## [Supplied material]
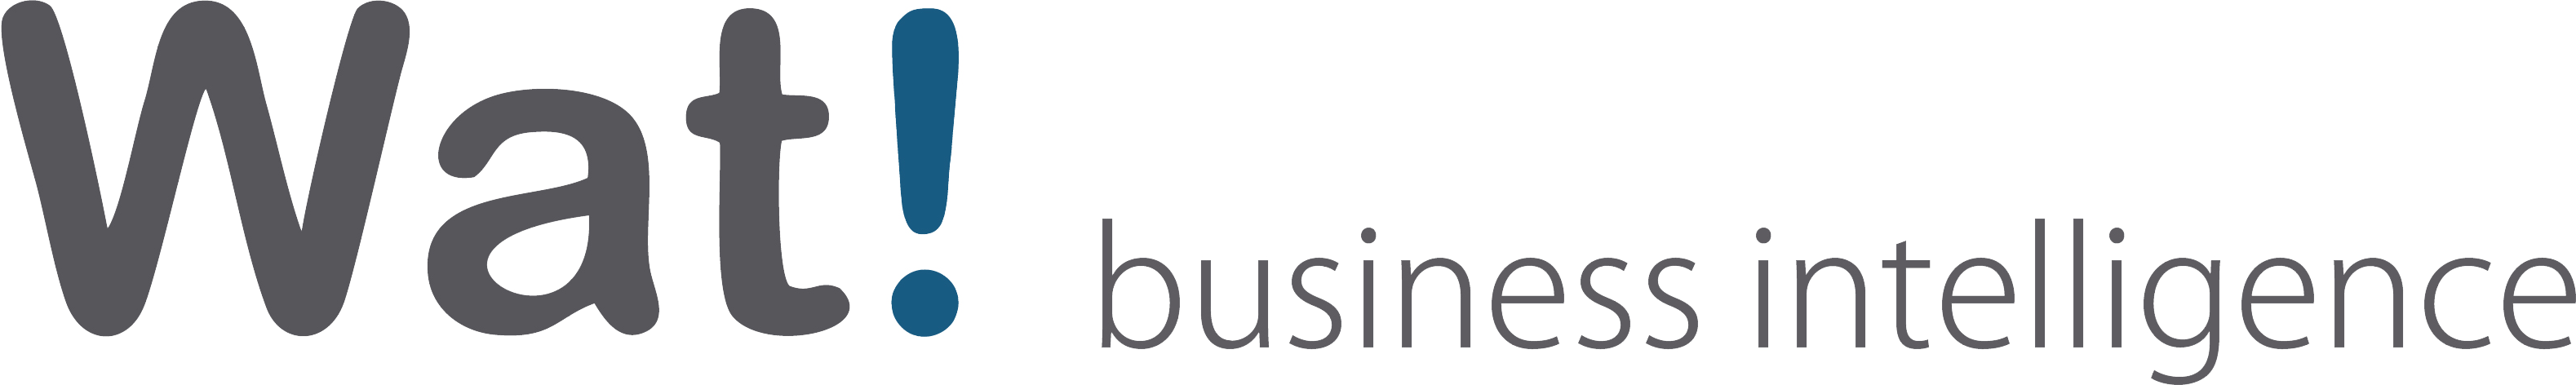 AZUL_BUSINTELL-01
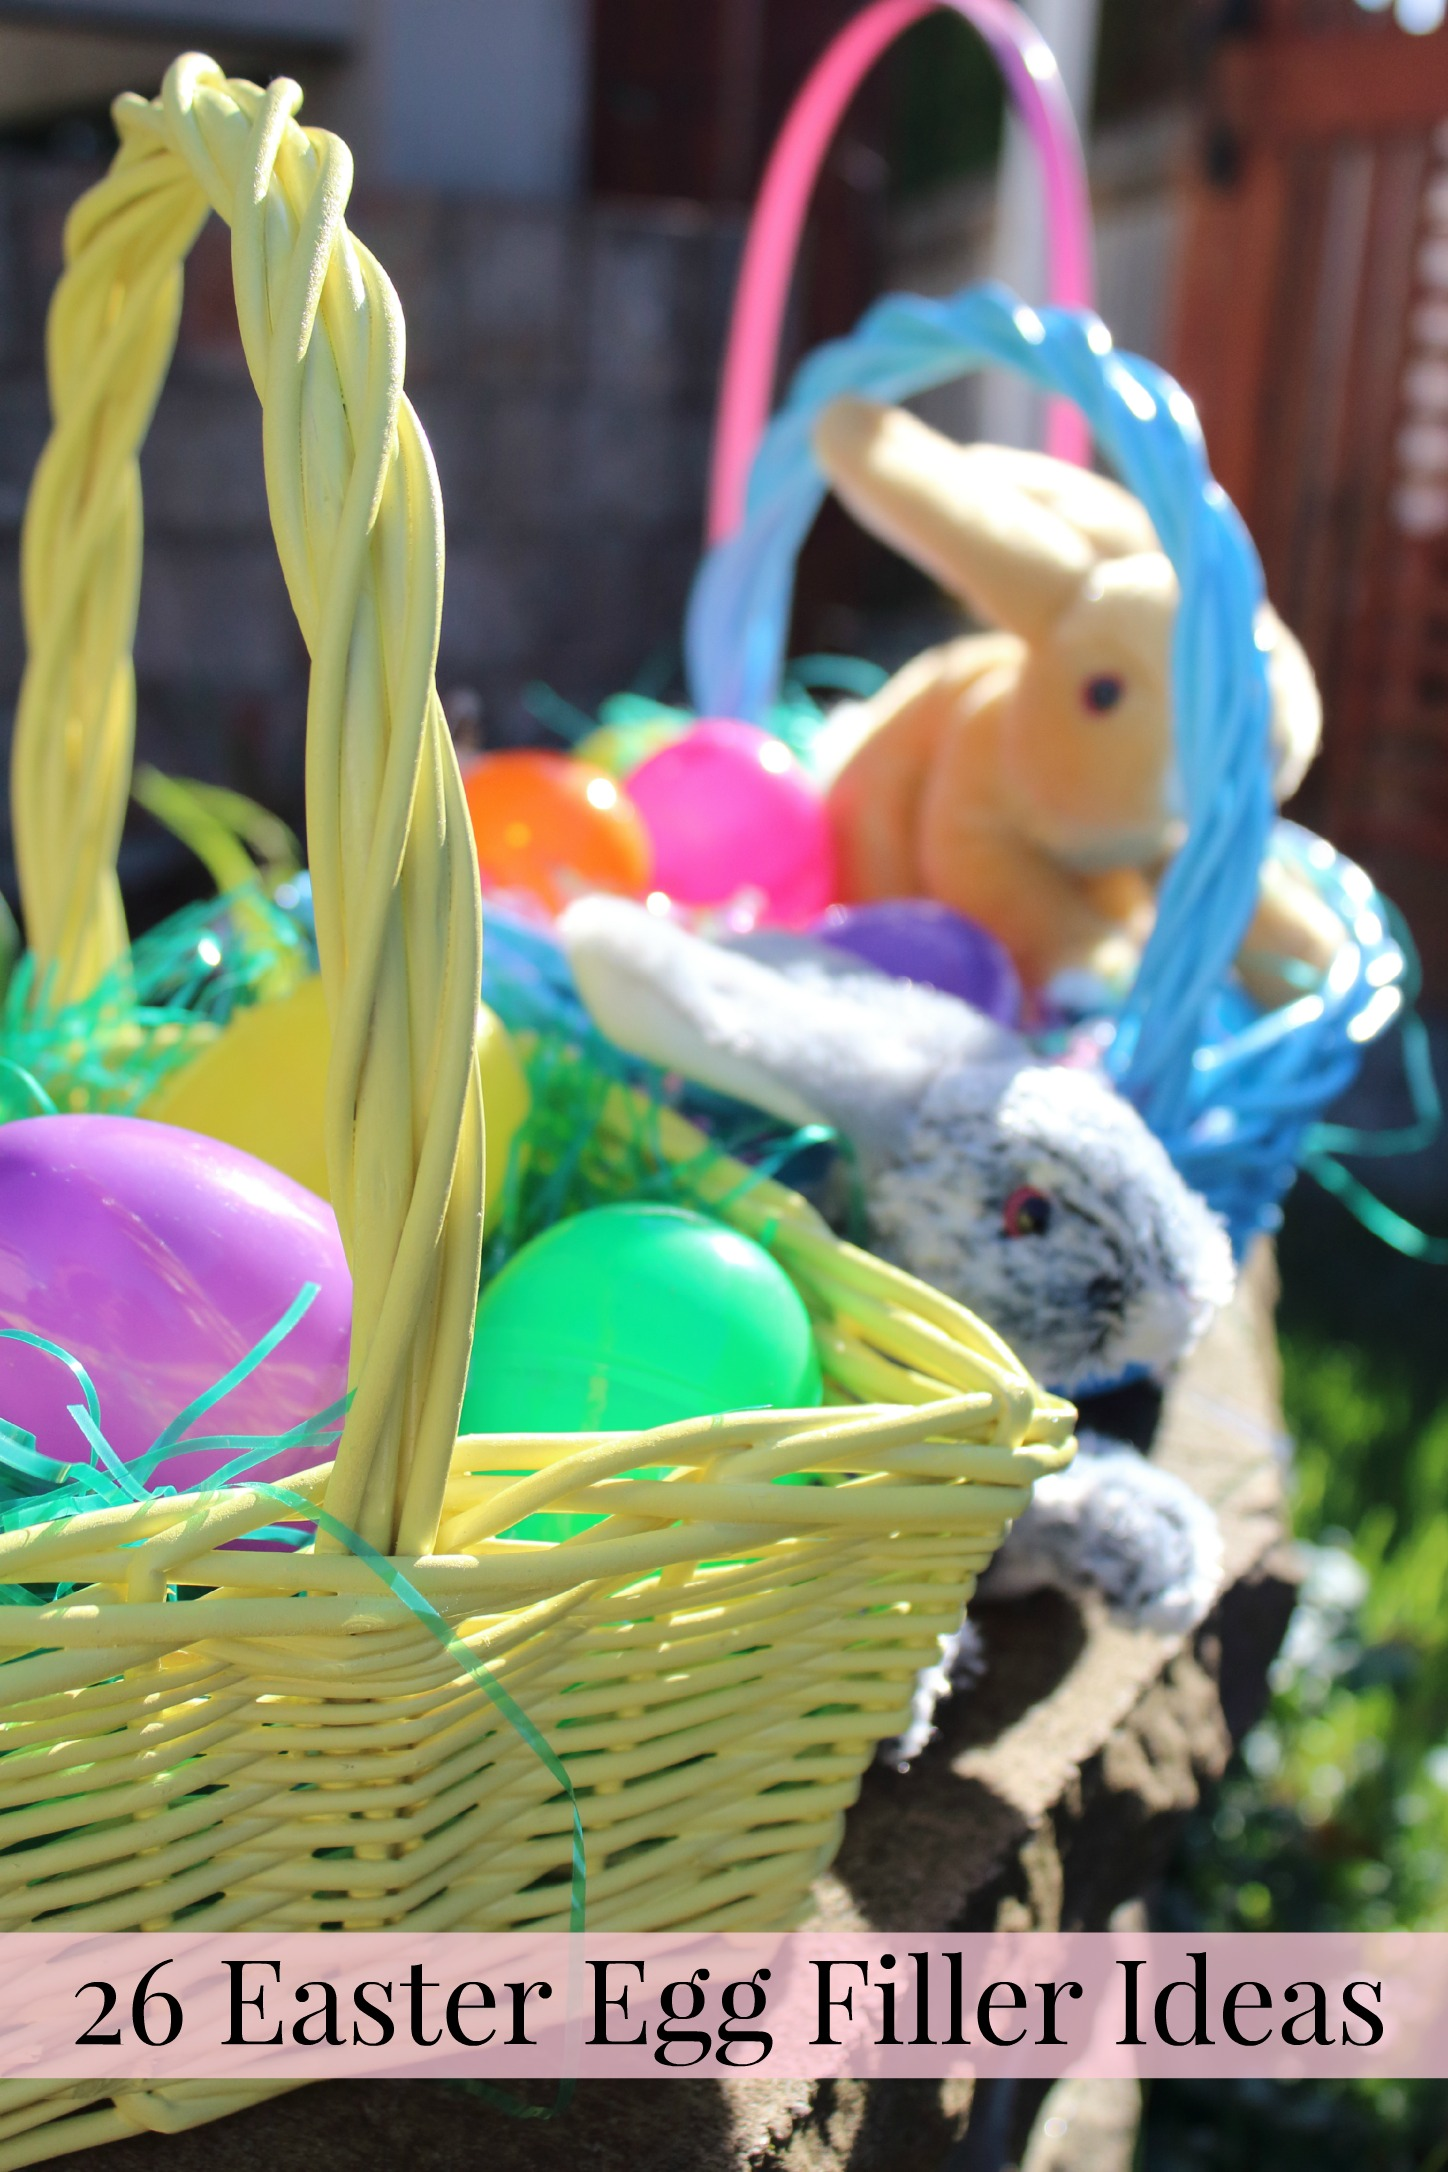 26 Easter Egg Filler Ideas {Hint: most aren't candy!}
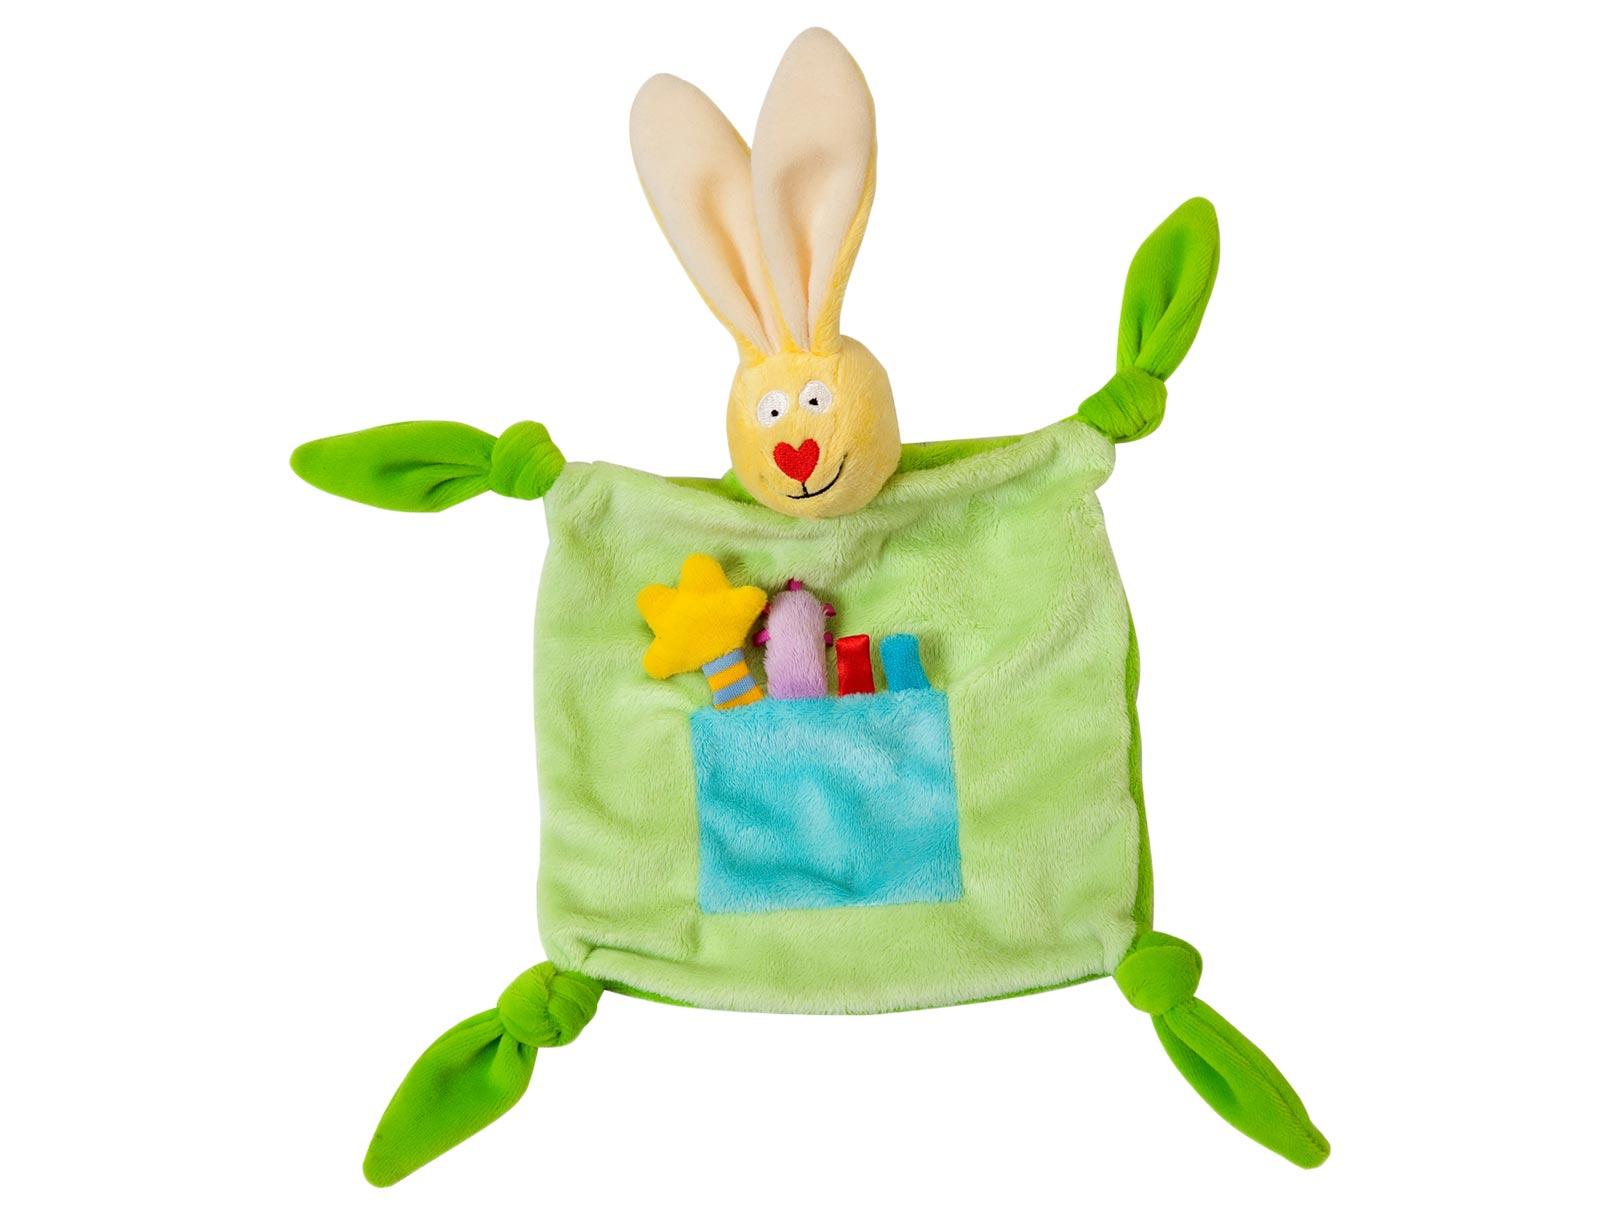 Купить Taf Toys Платочек-игрушка Кролик , зеленый, Китай
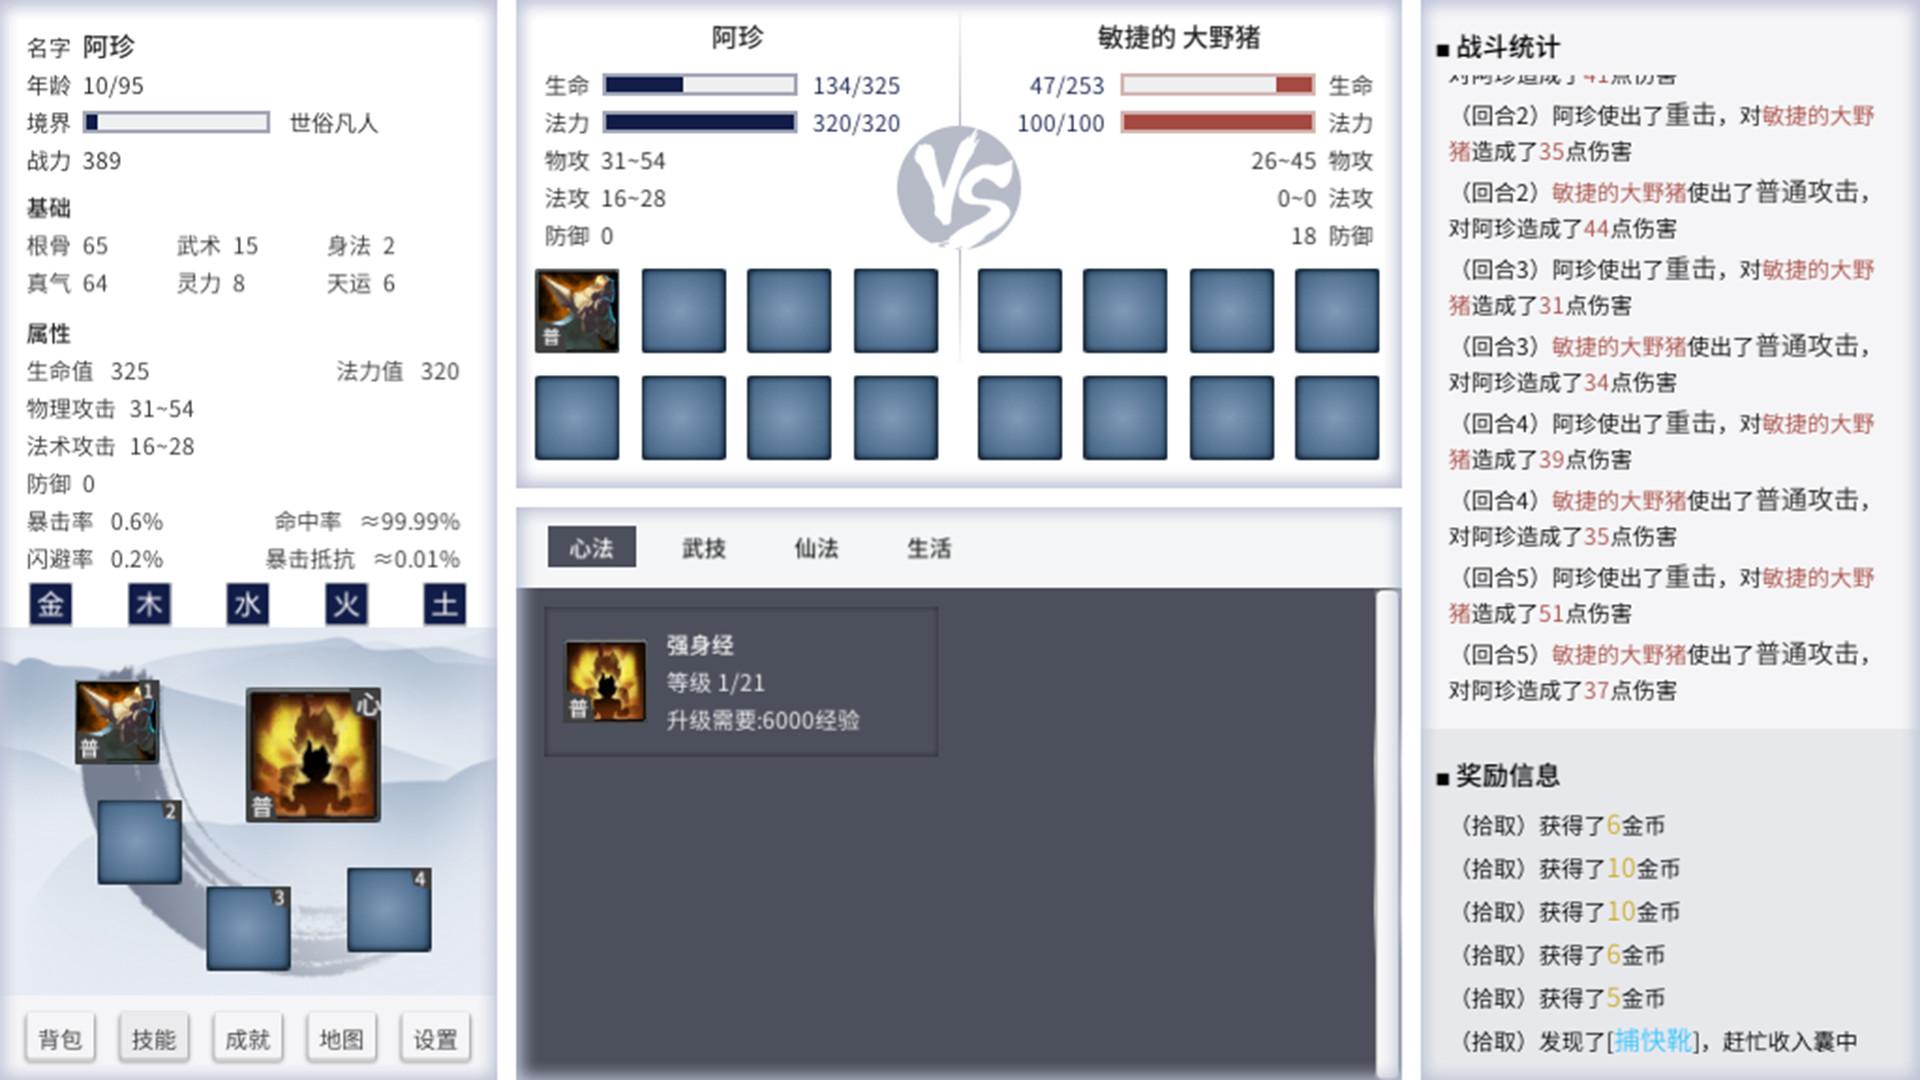 从前有个仙儿 v1.07.1268|放置策略|容量194MB|免安装绿色中文版|支持键盘.鼠标-开心电玩屋

## [Description of the task]
Without the pictures, return the whole of the data exactly as given.

## [Output]
 AZUL_BUSINTELL-01
 26 Easter Egg Filler Ideas {Hint: most aren't candy!}
 Купить Taf Toys Платочек-игрушка Кролик , зеленый, Китай
 从前有个仙儿 v1.07.1268|放置策略|容量194MB|免安装绿色中文版|支持键盘.鼠标-开心电玩屋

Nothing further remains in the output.